WHAT YOU NEED TO DO. Your copy of the data should match it exactly, leaving out only the pictures.

DATA SHOWN.
------------------------------
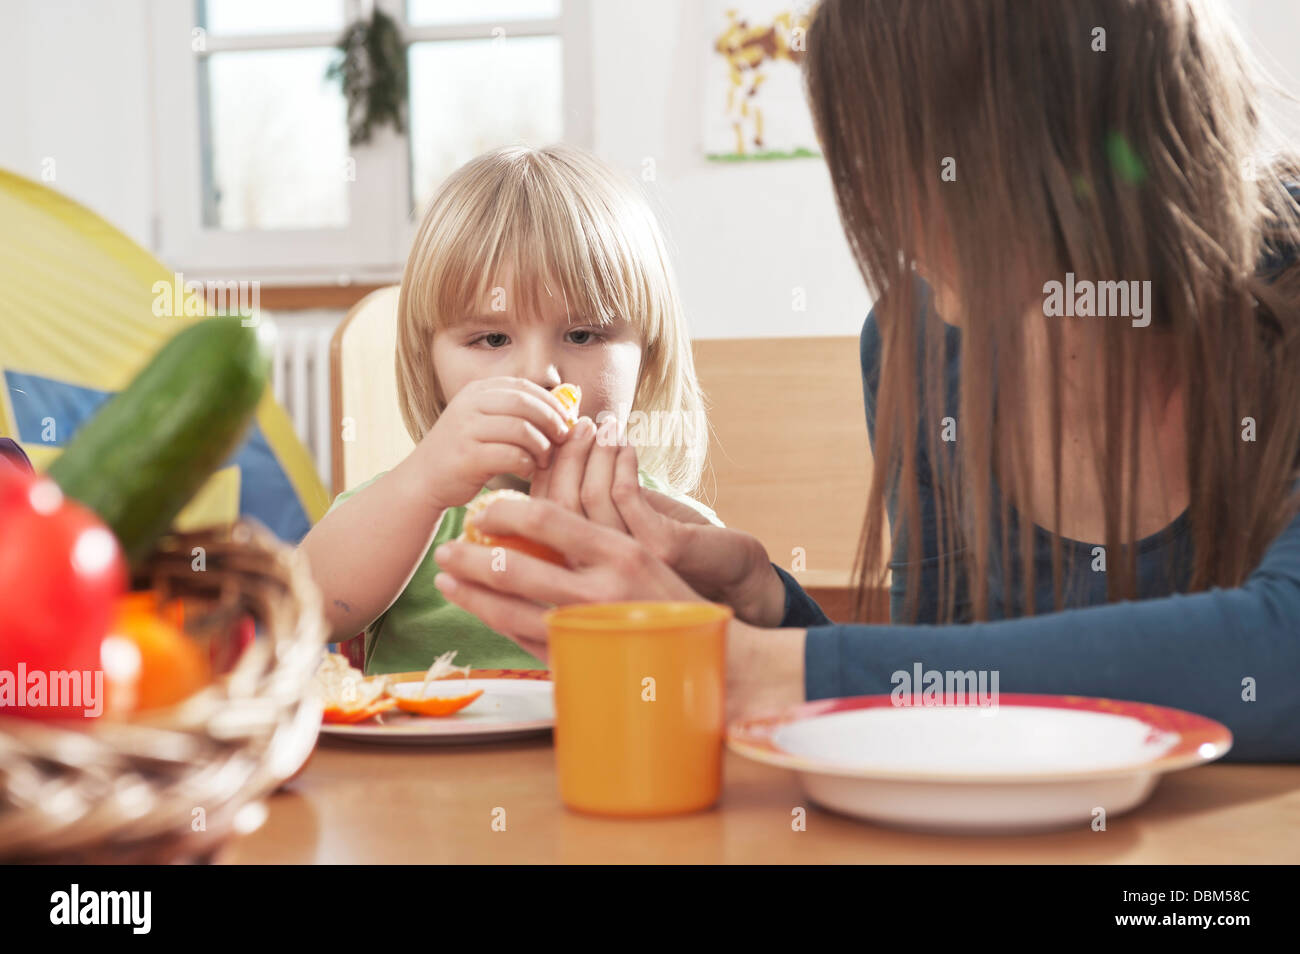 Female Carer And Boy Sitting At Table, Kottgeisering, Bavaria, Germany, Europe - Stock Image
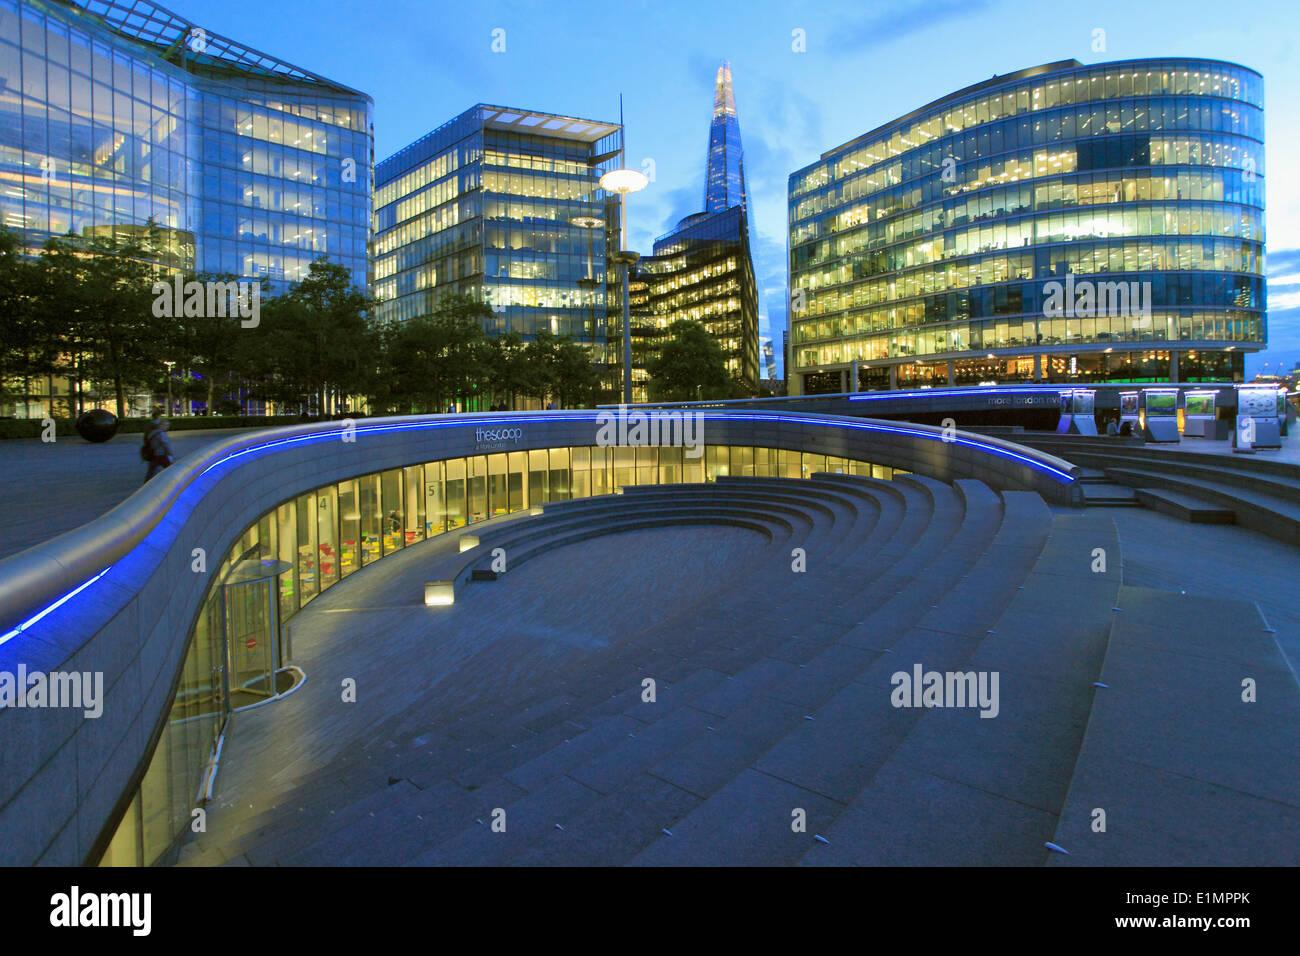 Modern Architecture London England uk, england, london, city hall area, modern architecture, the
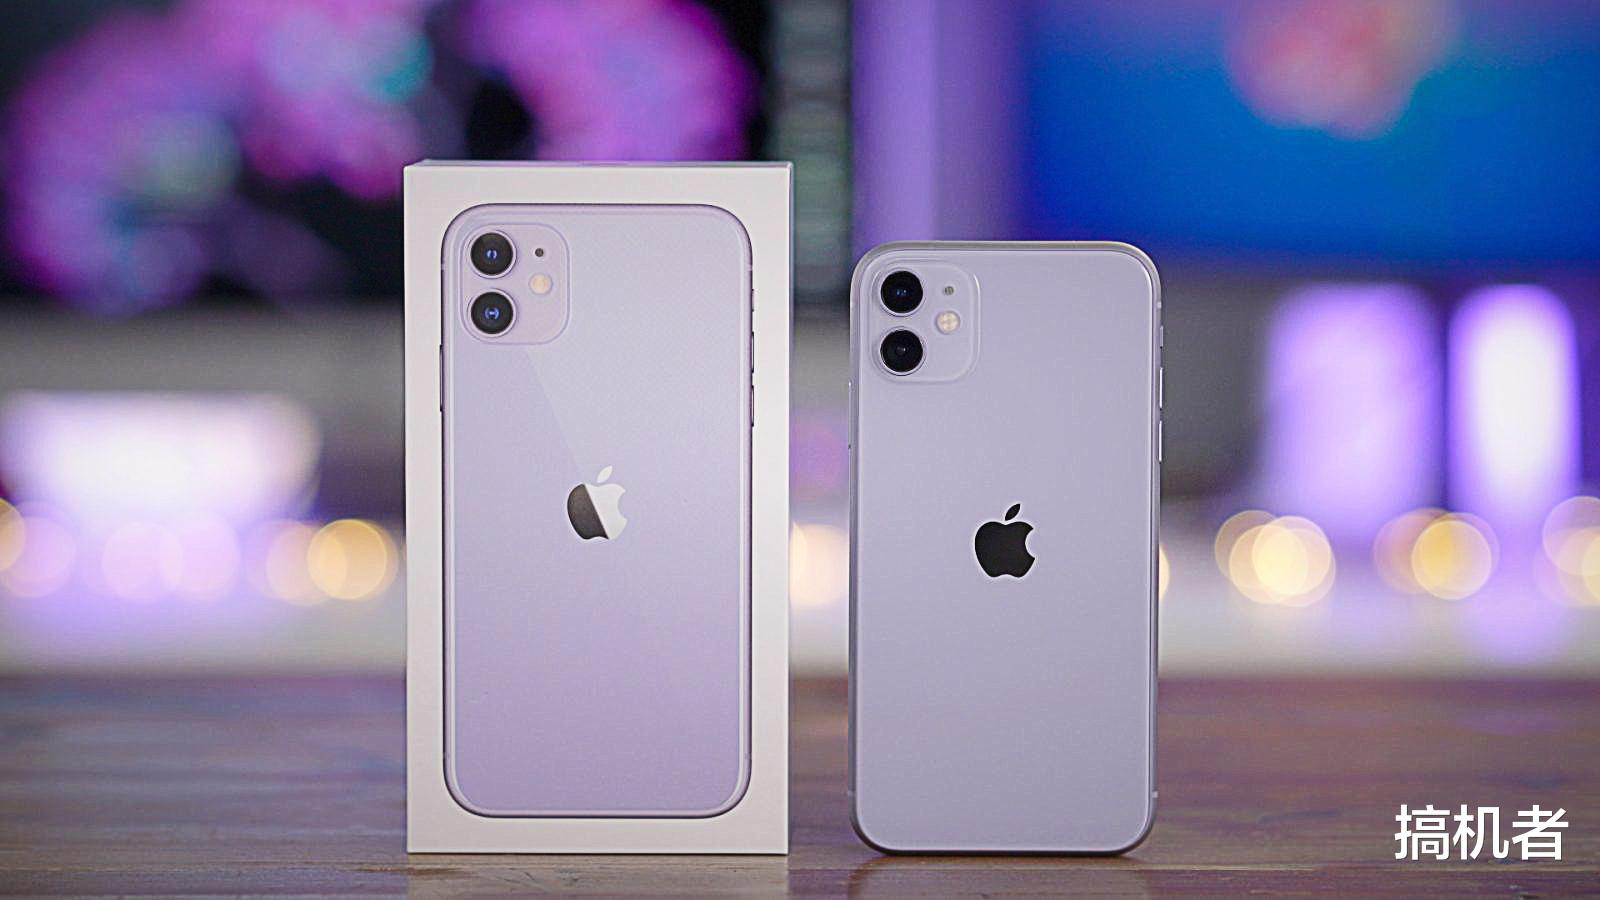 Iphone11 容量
------------------------------
WRITTEN SOLUTION.
 Female Carer And Boy Sitting At Table, Kottgeisering, Bavaria, Germany, Europe - Stock Image
 Modern Architecture London England uk, england, london, city hall area, modern architecture, the
 Iphone11 容量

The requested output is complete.